# Simple Fourier coefficient exponential

1. Dec 24, 2016

### binbagsss

1. The problem statement, all variables and given/known data

I think I am being stupid, I am trying to show that

$\int^{T}_{0} e^i\frac{2\pi(n-m)t}{T} dt = 0$ [1] if $n \neq m$
$= T$ if $n=m$, $T$ the period.

2. Relevant equations

I am using the following $cos$ and $sin$ orthogonal identities:

1) $\int^{2 \pi / g}_0 sin ( n g x) sin ( m g x ) dx = \delta_{nm}$
2) $\int^{2 \pi / g}_0 cos ( n g x) cos ( m g x ) dx = \delta_{nm}$
3) $\int^{2 \pi / g}_0 sin ( n g x) cos ( m g x ) dx = \delta_{nm}$

3. The attempt at a solution

$e^i\frac{2\pi(n-m)t}{T} dt = e^i\frac{2\pi(n)t}{T} . e^i\frac{2\pi(n-m)t}{T}$
(Let $g=\frac { 2 \pi i}{T}$)
$= (cos ( g n t) + i sin (gnt) ).(cos ( g m t) - i sin ( g m t))$

So using the orthogonal identities [1] the contribution to [1] from the $coscos$ and $sinsin$ term gives $2 \delta _{nm}$, and then from the cross $sin$ and $cos$ terms I am getting

$i \delta_{nm} - i \delta_{nm} = 0$.

So I am getting $2 \delta _{nm}$

Which I can see straight off is wrong since I am not dividing by the period to get the coefficient. (independent of it)

2. Dec 24, 2016

### Ssnow

mmmhh, I think $g=\frac{2\pi}{T}$, using the orthogonal relations is good, in fact another way can be calculating directing the integral treating $i$ as a constant, in this way you can see the rersult that is still immediate ...

Ssnow

3. Dec 24, 2016

### Ray Vickson

If $a \neq 0$ we have
$$\int_0^T e^{i a t/T} \, dt = \frac{1}{a} iT \left(1-e^{ia}\right)$$.
Put $a = 2 \pi (n-m)$ and simplify, assuming $n,m$ are unequal integers.

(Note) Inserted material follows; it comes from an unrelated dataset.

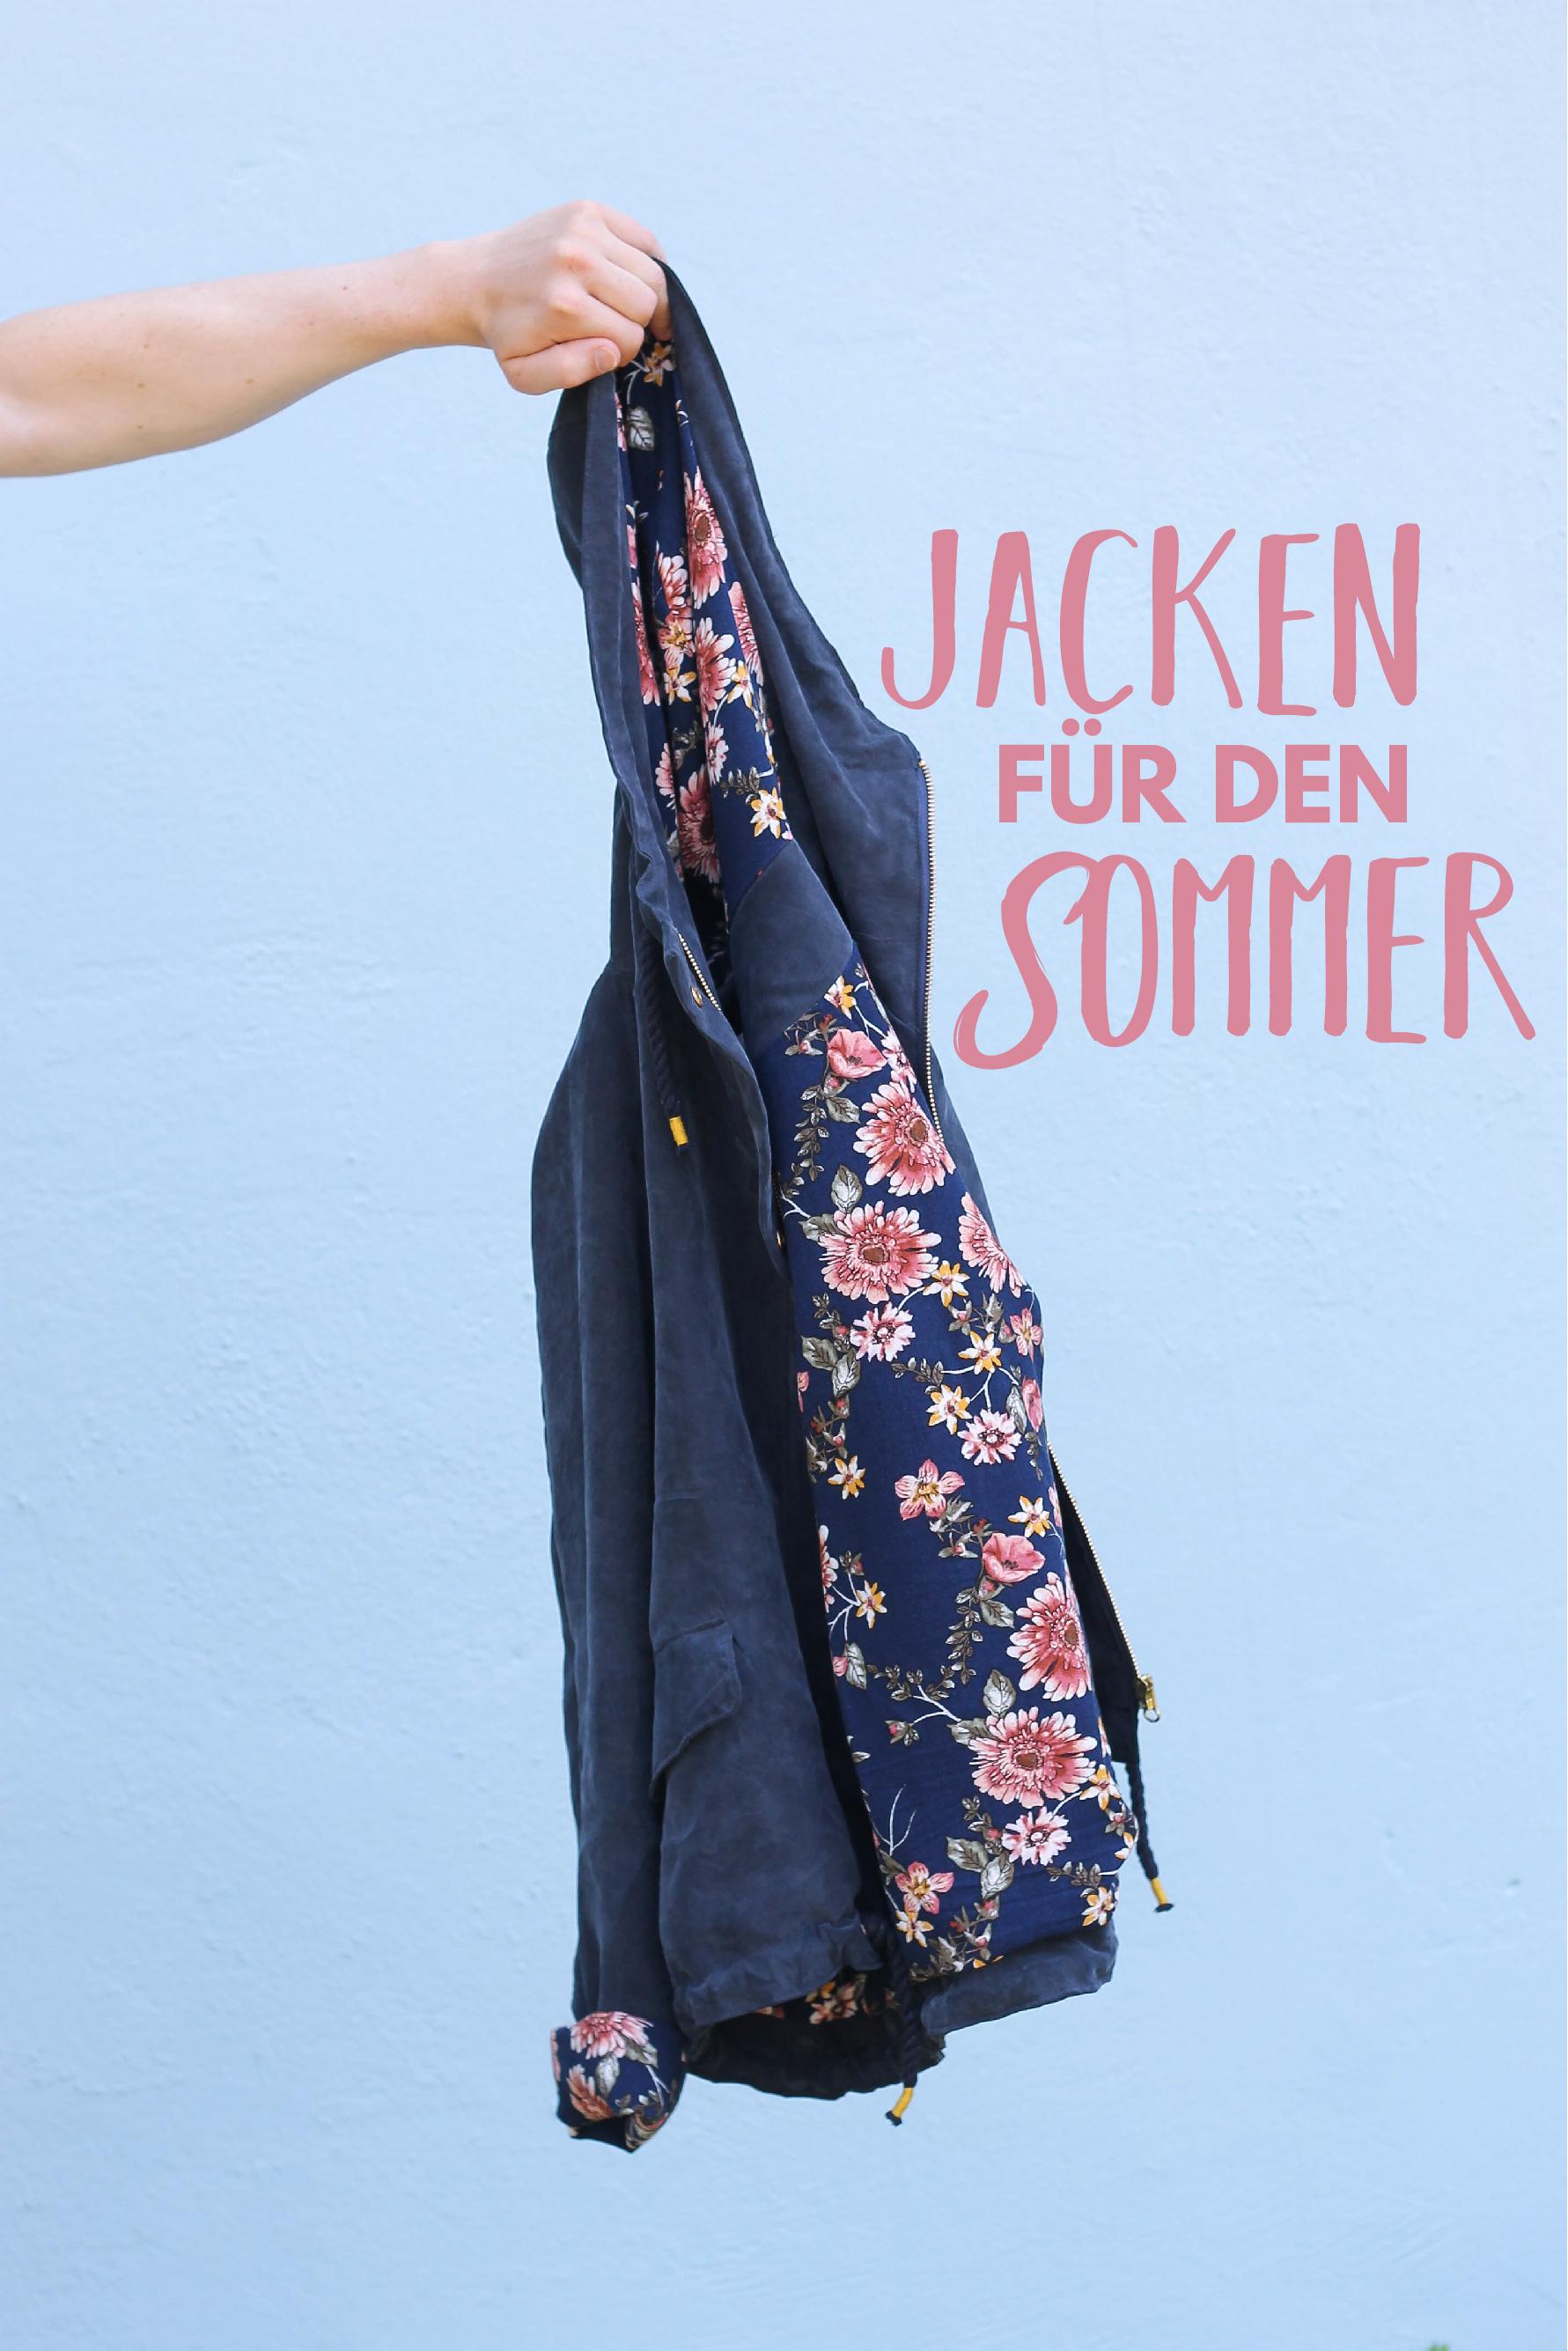 Jacken für den Sommer

Of course, when $a=0$ the integral is just $\int_0^T 1 \, dt.$.

4. Dec 24, 2016

### binbagsss

so where have I gone wrong?

5. Dec 24, 2016

### binbagsss

but what is the error in my working anybody please?

6. Dec 24, 2016

### Ray Vickson

Your equations (1), (2), (3) are incorrect. $\int_0^{2\pi/g} \cos(n g t) \cos(m g t) \, dt = c \delta_{m,n} ,$ but $c \neq 1$.